**ACTIVITY**
All of the data, word for word and free of pictures, is the expected result.
------ DATASET EXTRACT ------
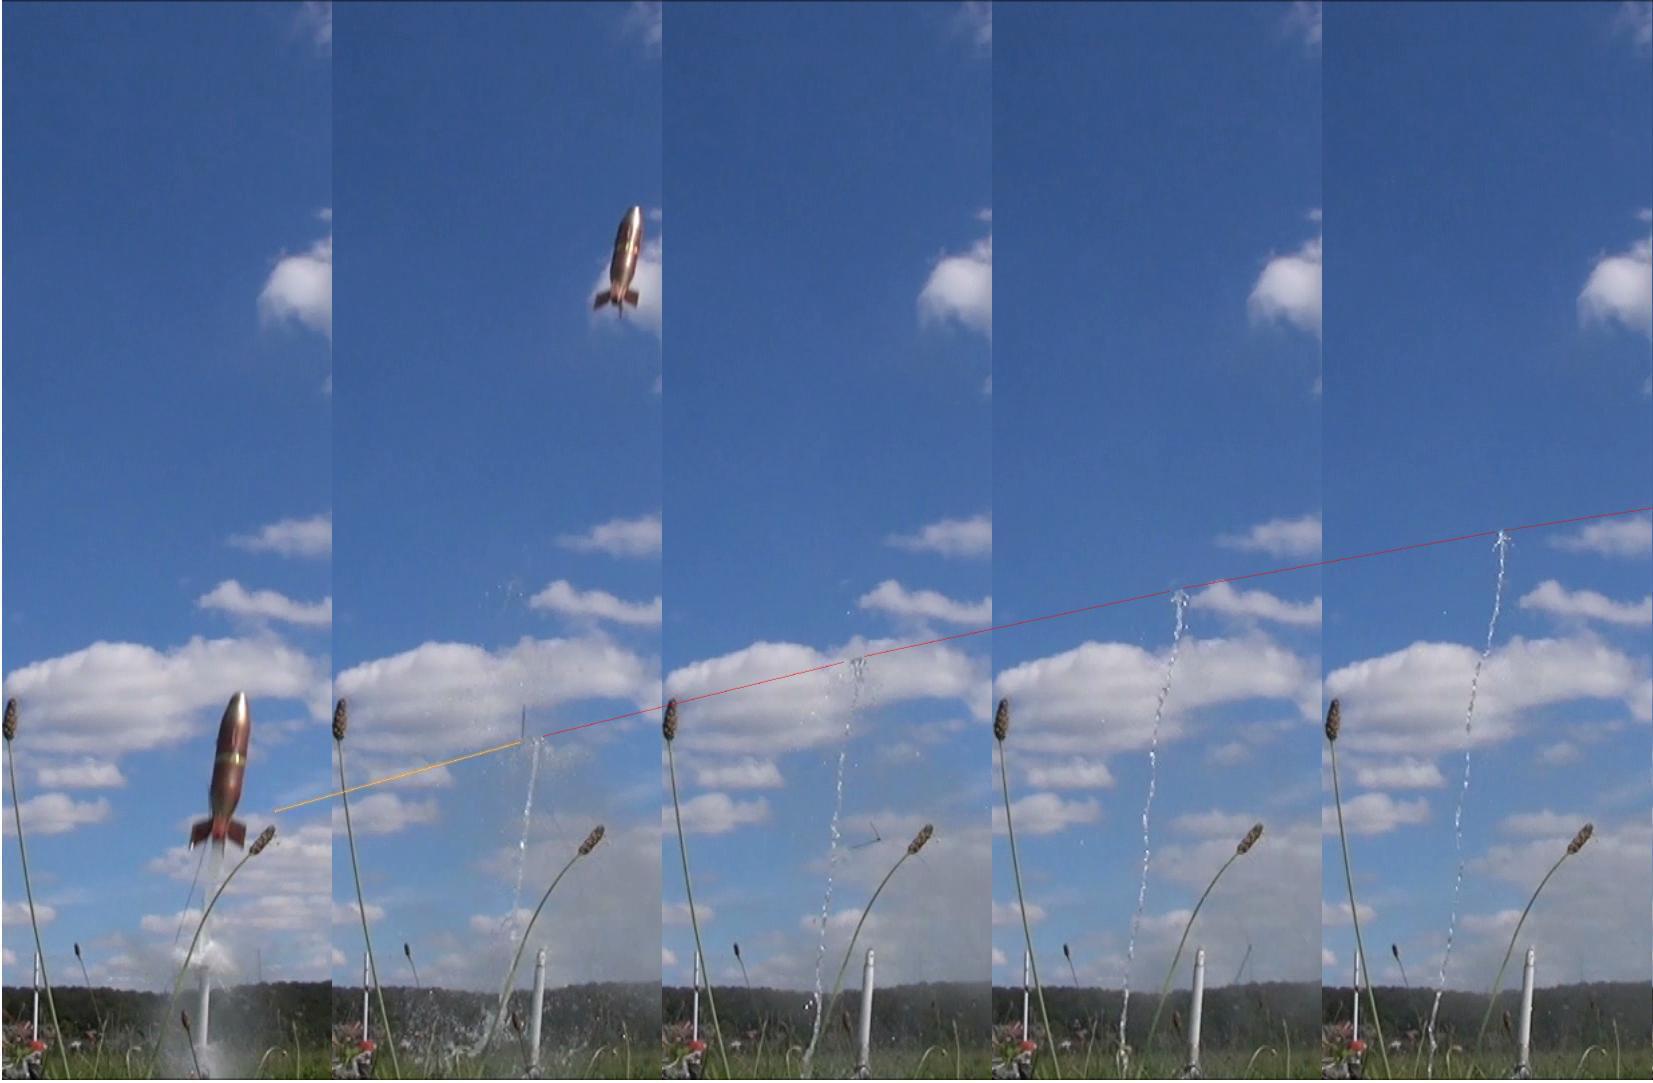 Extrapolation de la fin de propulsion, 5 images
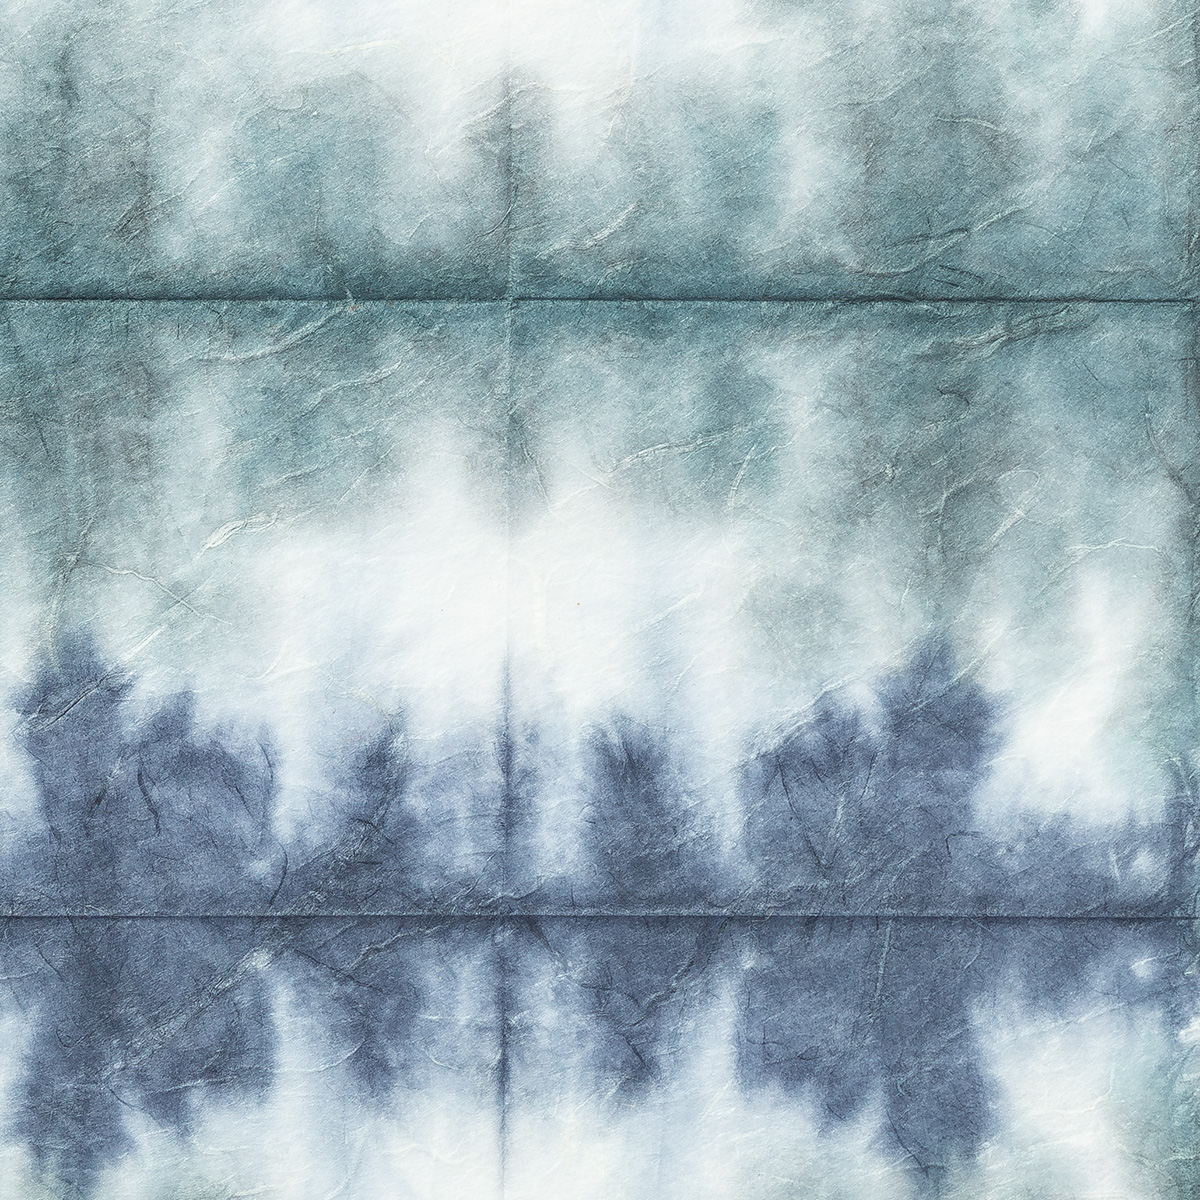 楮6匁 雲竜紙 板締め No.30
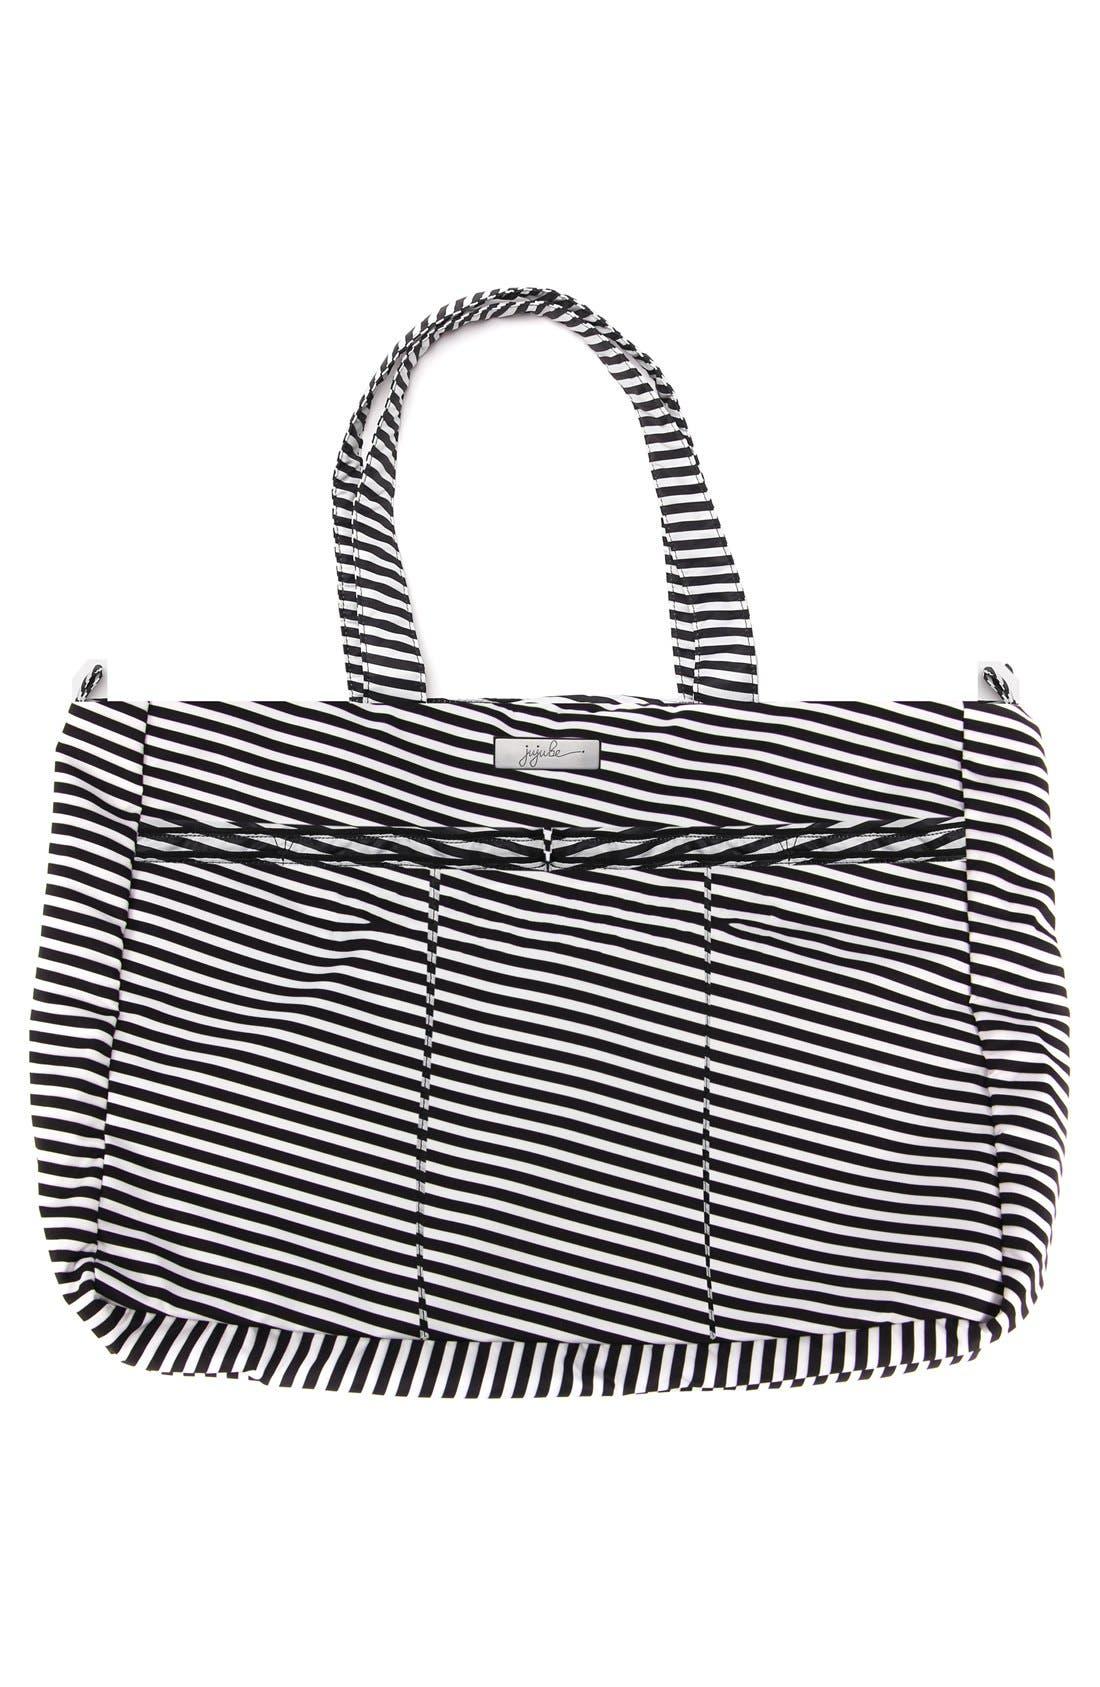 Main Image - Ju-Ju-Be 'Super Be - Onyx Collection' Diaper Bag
------
**SOLUTION BELOW**
 Extrapolation de la fin de propulsion, 5 images
 楮6匁 雲竜紙 板締め No.30
 Main Image - Ju-Ju-Be 'Super Be - Onyx Collection' Diaper Bag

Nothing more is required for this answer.